Dans ce nouvel épisode, nous accueillons Nathalie Richard, actrice devant la caméra et comédienne sur les planches depuis plus de 40 ans, habitant le cinéma français et d’ailleurs à travers plus de 60 films, ayant collaboré avec des cinéastes aussi différents que Jacques Rivette, Bertrand Mandico, Catherine Corsini et Mickael Haneke. Cette cinéphile enthousiaste et généreuse nous plonge dans un cinéma d’antan, entre le  Zero de conduite de Vigo, le **Gertrud  de Dreyer, ou encore les danses aériennes de Fred Astaire. Elle nous raconte l’enfance d’un cinéma qui l’habite toujours, tel des spectres, en faisant résonner ensemble des films comme Le Colonel Chabert de René Le Hénaff avec le Memoria d’A.Weerasethakul, et bien d’autres encore.

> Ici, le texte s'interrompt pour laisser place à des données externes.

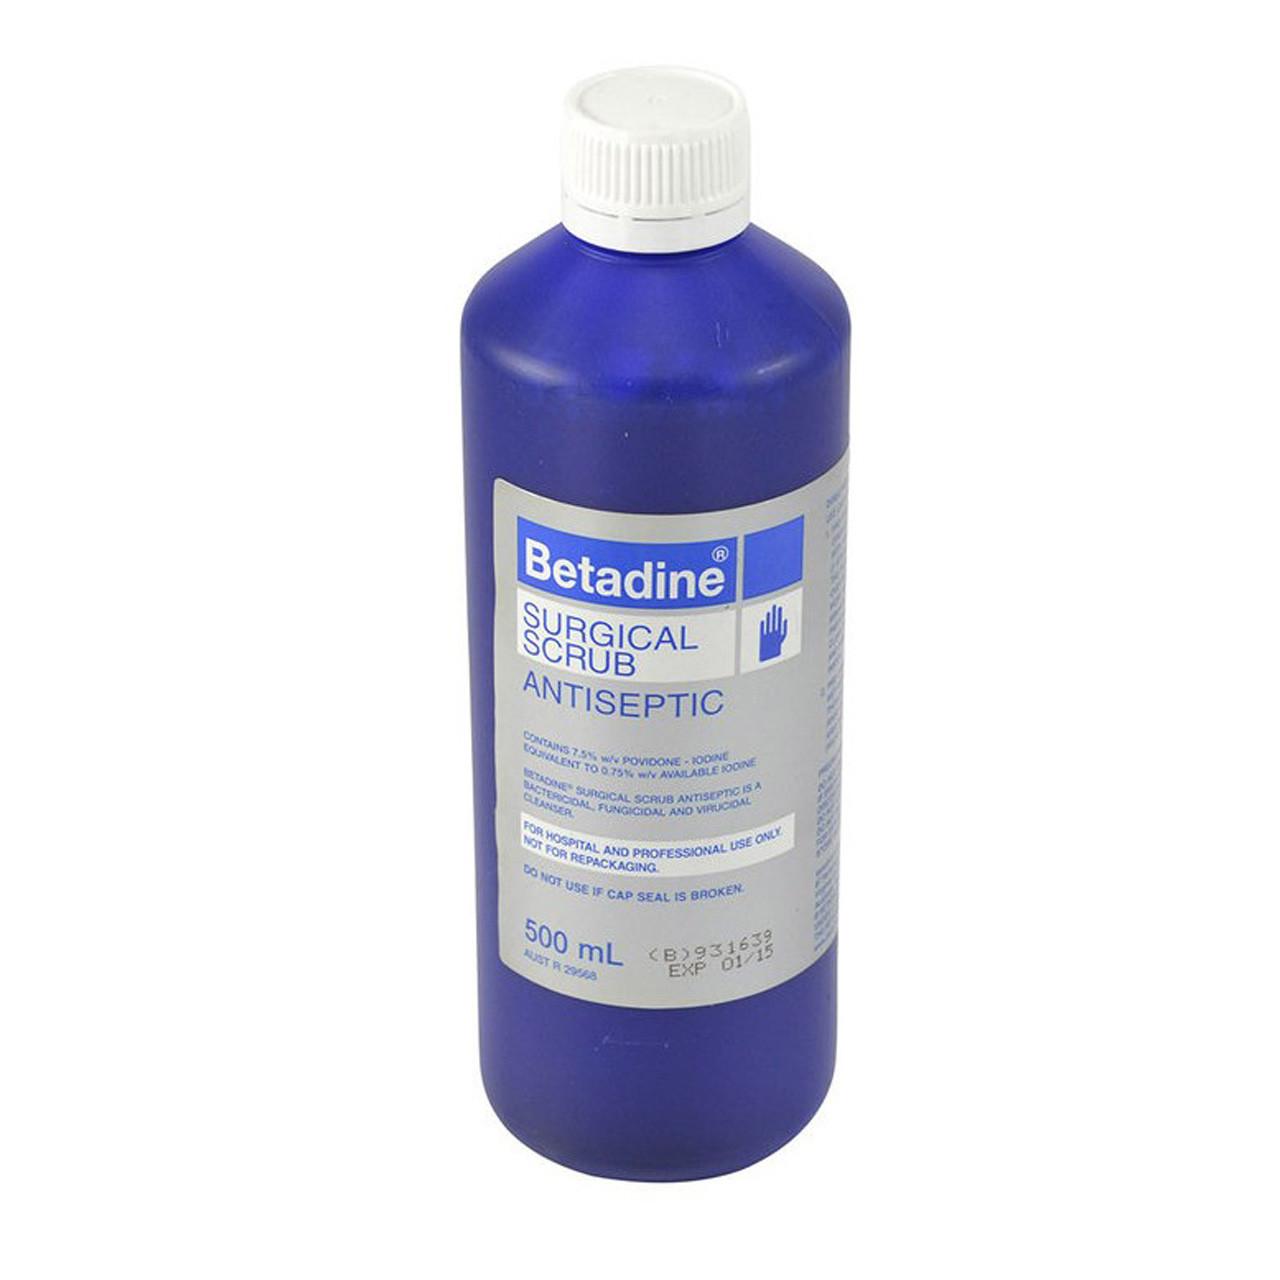 Betadine Povidone Iodine Surgical Scrub 500ml
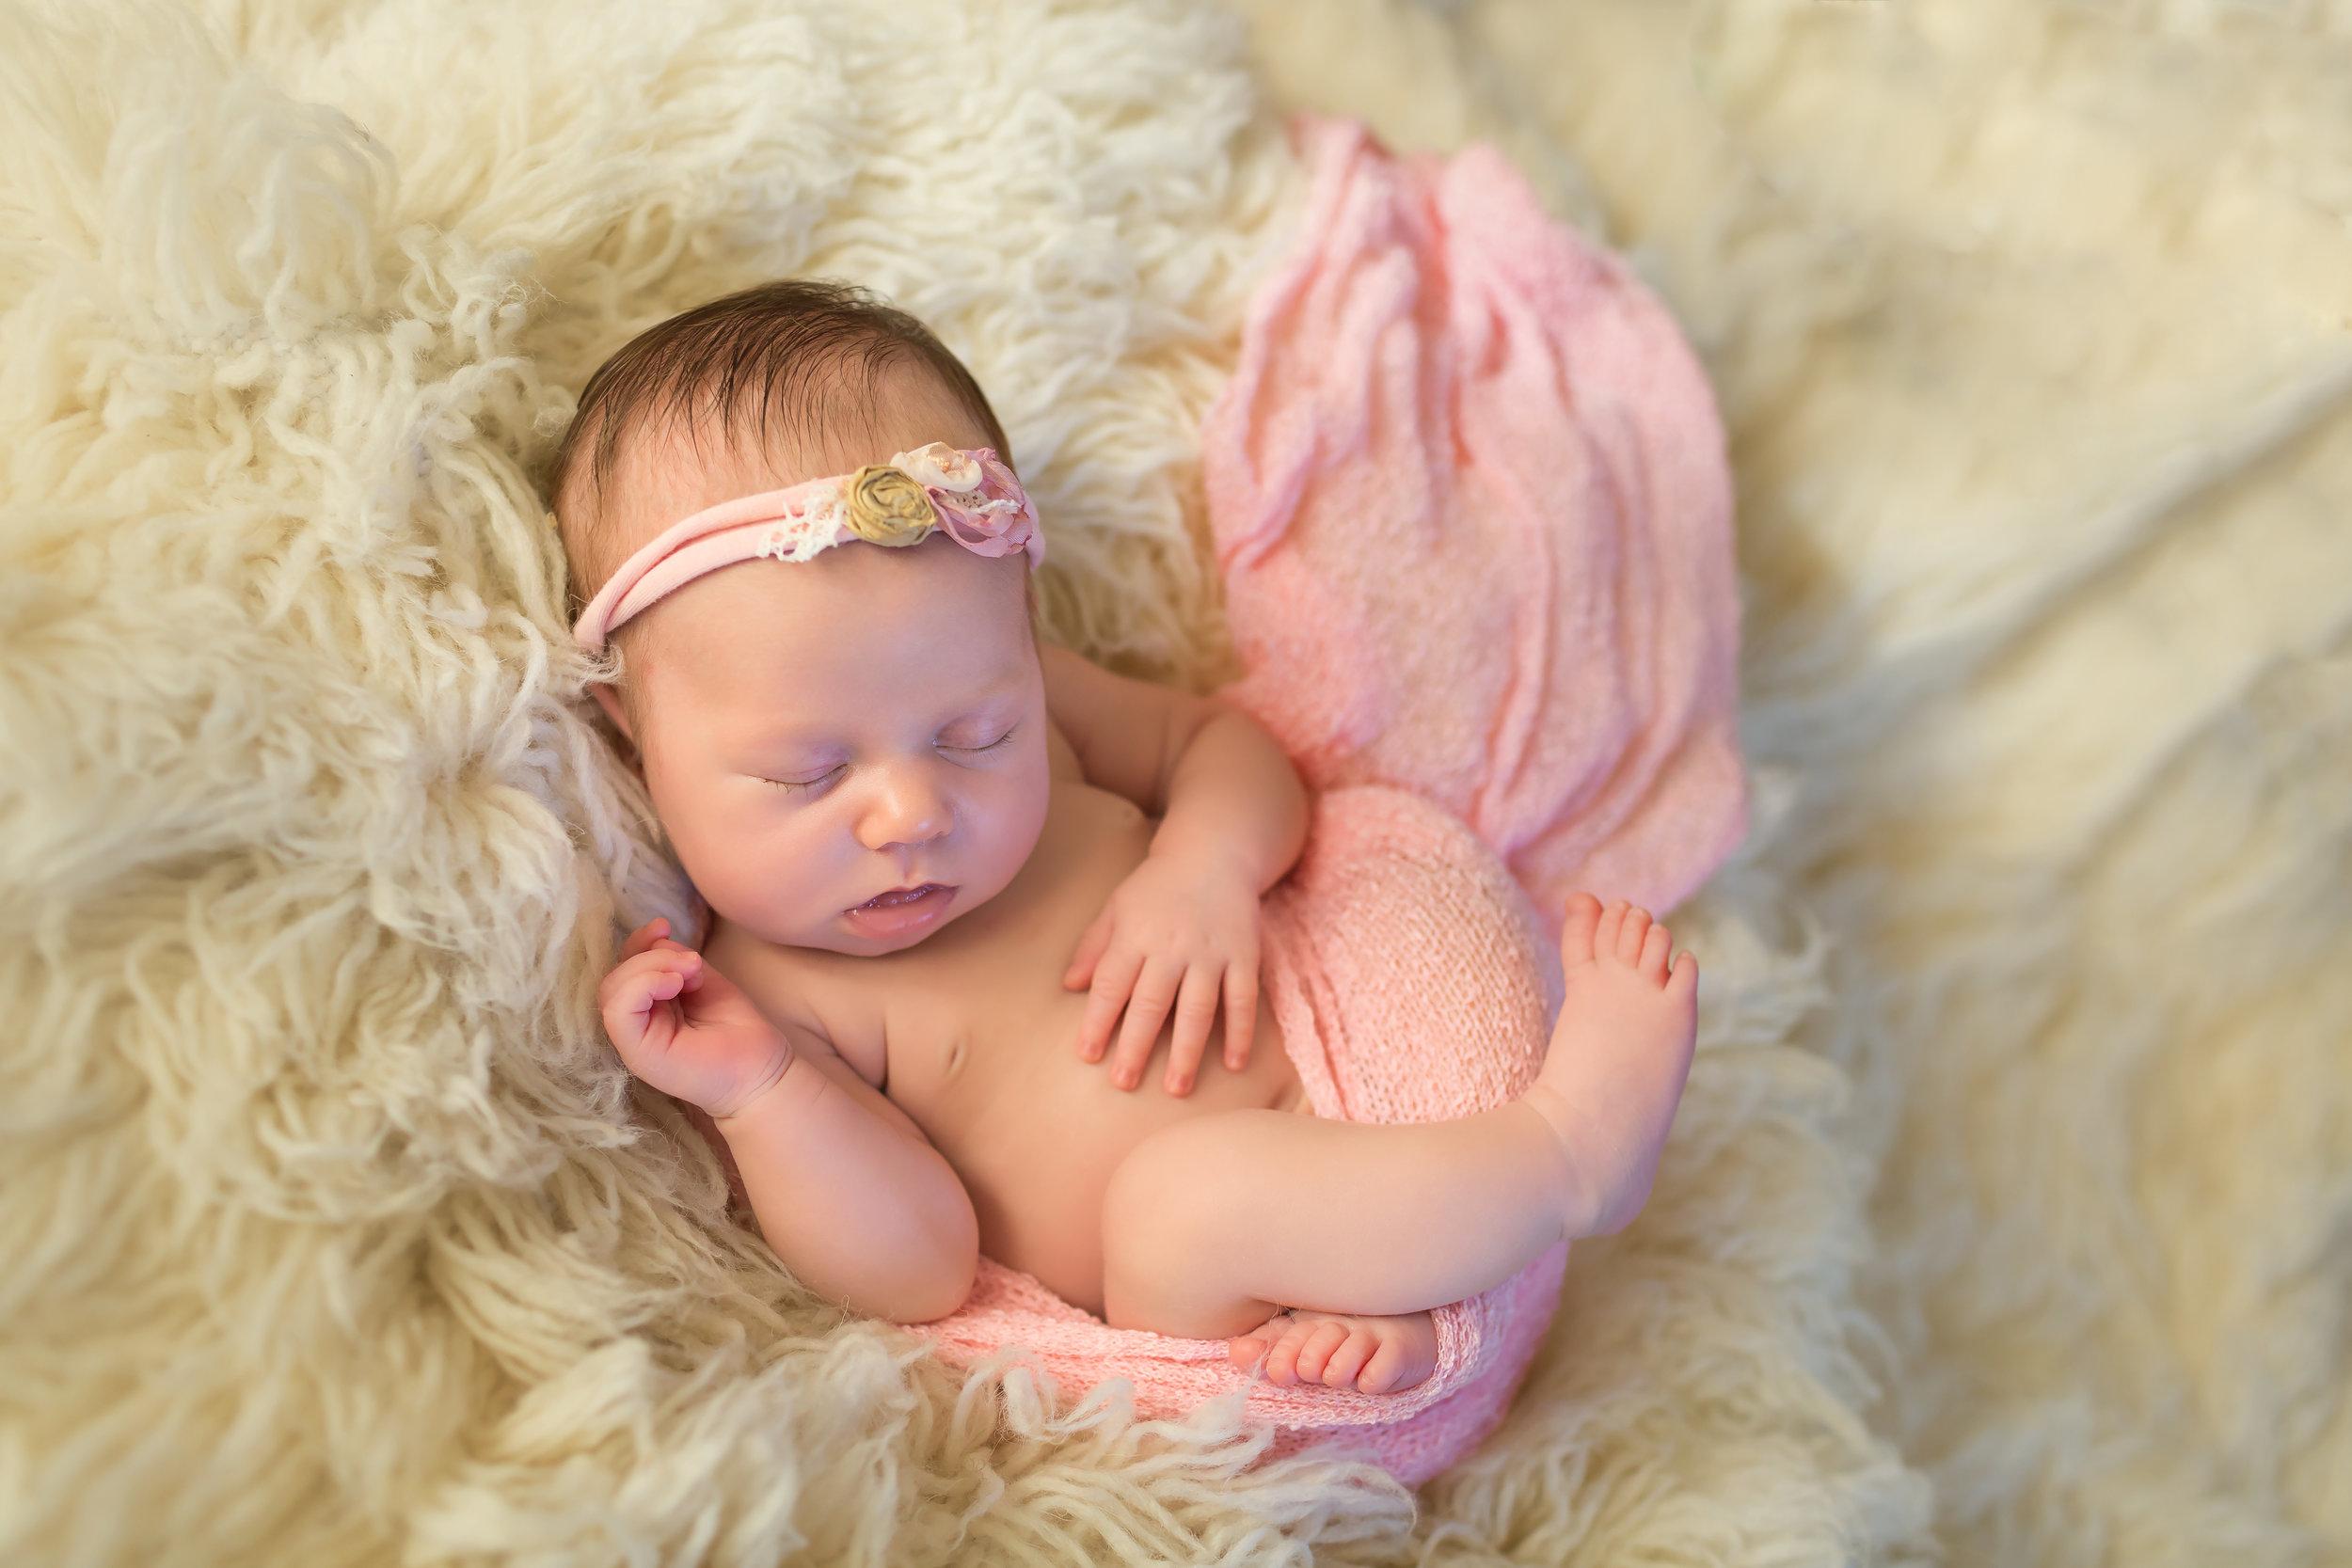 San Diego Newborn captured by Studio Freyja Newborns - a premier fine art newborn photographer in San Diego, CA

Enfin, attachée aux voix du cinéma et à la pensée qui y est liée, elle nous parle des voix qui la guident dans son métier d’actrice autant que dans son plaisir de spectatrice - et qui ont marqué d’une manière ou d’une autre l’histoire du cinéma : d’Orson Wells à James Mason, en passant par Ingrid Bergman et Delphine Seyrig.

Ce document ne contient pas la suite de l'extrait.